Mechanism: Accumulate N frames' command buffers into a single VkSubmitInfo with commandBufferCount = N. Requires non-trivial changes to the frame-delivery and result-readback path.
Expected gain: < 5% for the current workload (per-frame submit overhead is below noise floor).
Option 4: Persistent secondary command buffers (SECONDARY_CMDBUF_REUSE path)¶
Impact: Eliminates vkResetCommandBuffer + vkBeginCommandBuffer per frame (already optimized by ADR-0256 submit pool). The SECONDARY_CMDBUF_REUSE strategy in dispatch_strategy.c is a stub; activating it would record dispatch commands once and re-execute them each frame via vkCmdExecuteCommands.

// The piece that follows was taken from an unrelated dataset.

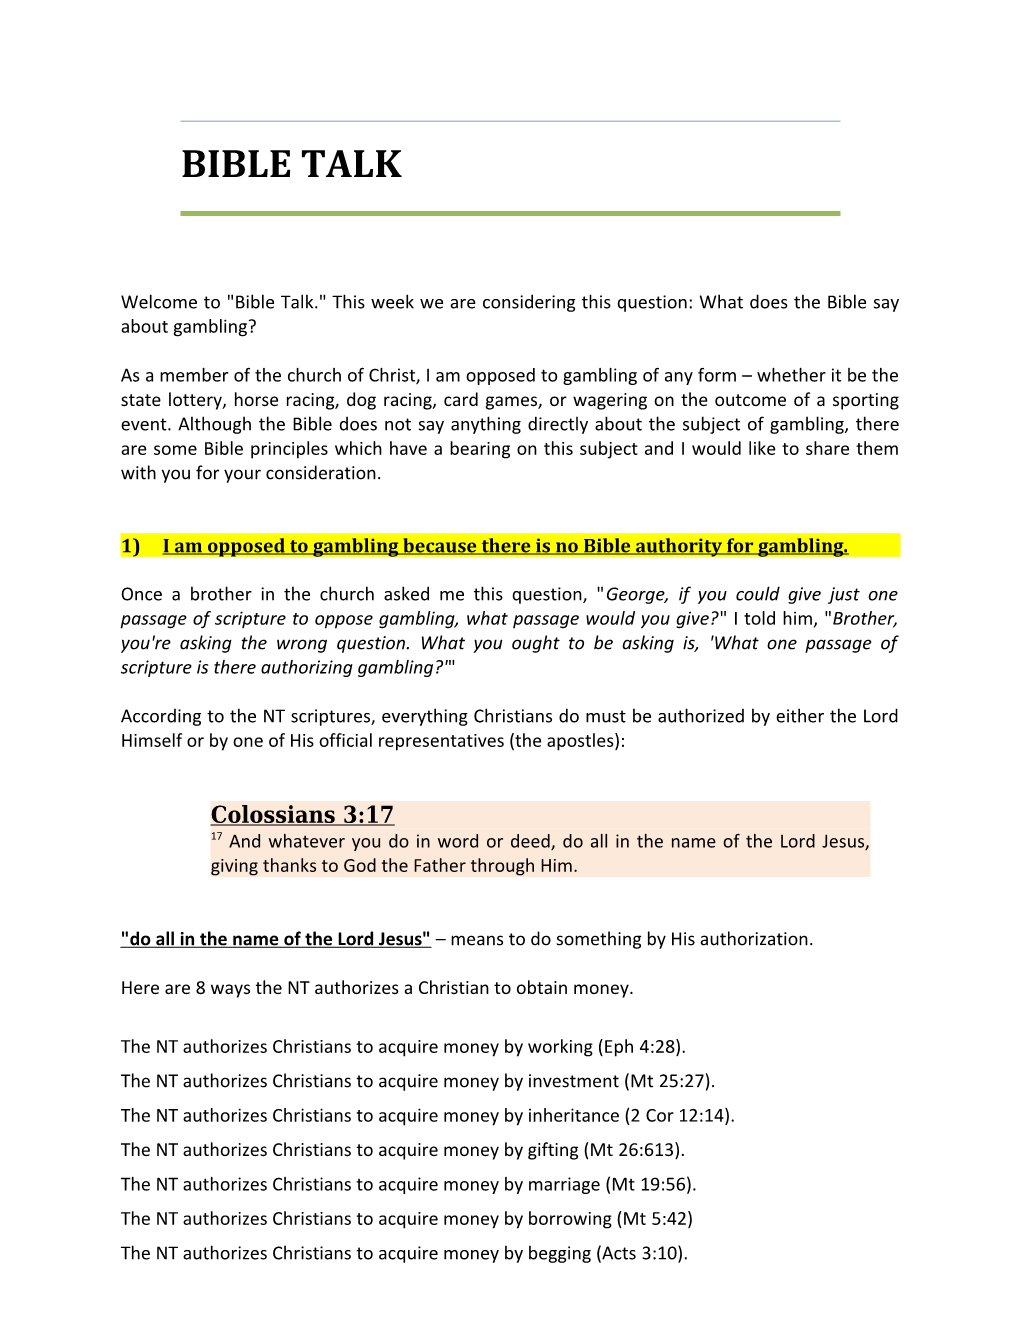 1)I Am Opposed to Gambling Because There Is No Bible Authority for Gambling
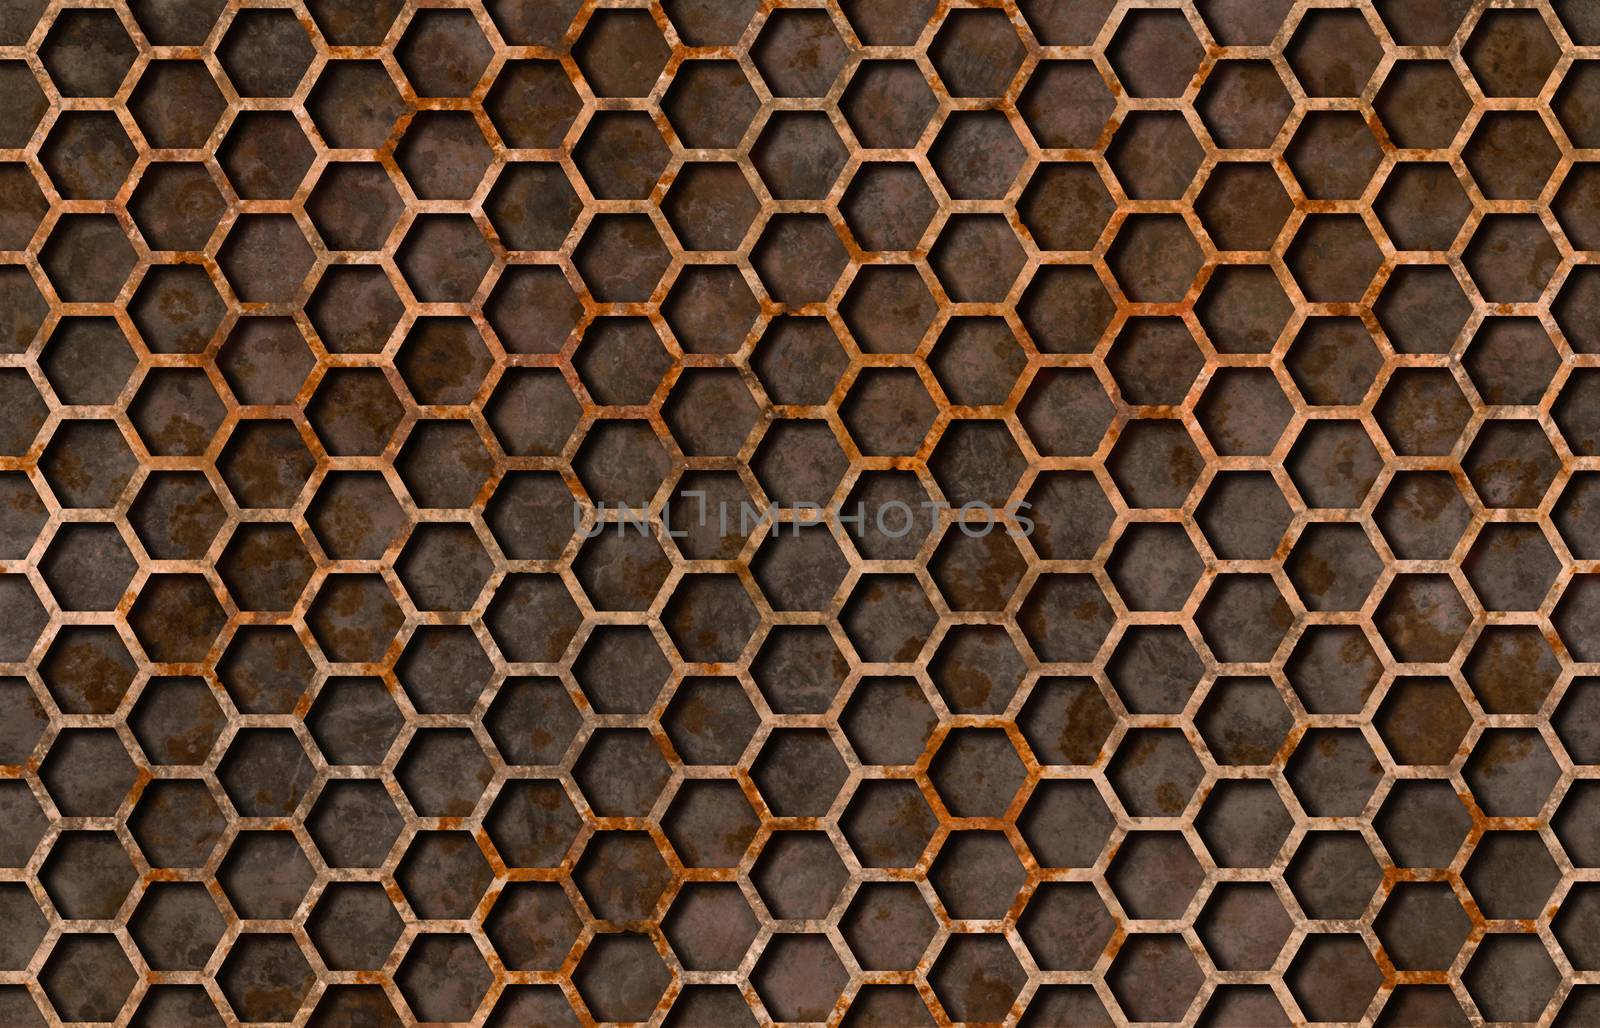 Rusty hexagon pattern grate texture background seamlessly tileable

Mechanism: Implement the stub in dispatch_strategy.c. For static-geometry kernels (psnr, motion_v2) the push constants change per frame (width/height/bpc do not change, but num_workgroups_x could be constant), so the cmdbuf could be truly reusable. Requires VK_COMMAND_BUFFER_LEVEL_SECONDARY + inheritance info.
Expected gain: < 2% reduction (cmd buffer record overhead is already below noise floor per ADR-0256; this optimizes the wrong layer).
Decision Matrix¶
| Fix | Complexity | Wall-time gain | Risk | Verdict |
|---|---|---|---|---|
| Pipeline cache | Medium | 80–120 ms | Low | Recommended |
| Lazy init | Low | 0 | Med | Not useful |
| Batch submit | High | < 5% | High | Wrong bottleneck |
| Secondary cmdbuf | High | < 2% | High | Wrong bottleneck |
Recommended fix: Option 1 (pipeline cache). File as T7-18-follow-up; implement in a dedicated PR with the ADR and places=4 cross-backend gate per ADR-0214. A possible secondary deliverable is adding Vulkan timing rows to vmaf_bench so future regressions are caught automatically.
T7-18 Backlog Resolution¶
T7-18 (per-frame Vulkan dispatch overhead) as originally framed — three candidate causes: (a) too many small command buffers, (b) eager fence waits, (c) queue submission cost dominates small kernels — is not confirmed by measurement. All three per-frame mechanisms are either already optimized (ADR-0256) or below the noise floor.
The real finding is a startup overhead from uncached shader compilation, which is orthogonal to per-frame dispatch. The backlog item should be re-filed as:
T7-18-revised: "Add VkPipelineCache to eliminate per-process SPIR-V recompilation. Expected reduction: 80–120 ms startup overhead on NVIDIA dGPU. Closes original T7-18 hypothesis (per-frame overhead not confirmed; startup overhead confirmed and attributed)."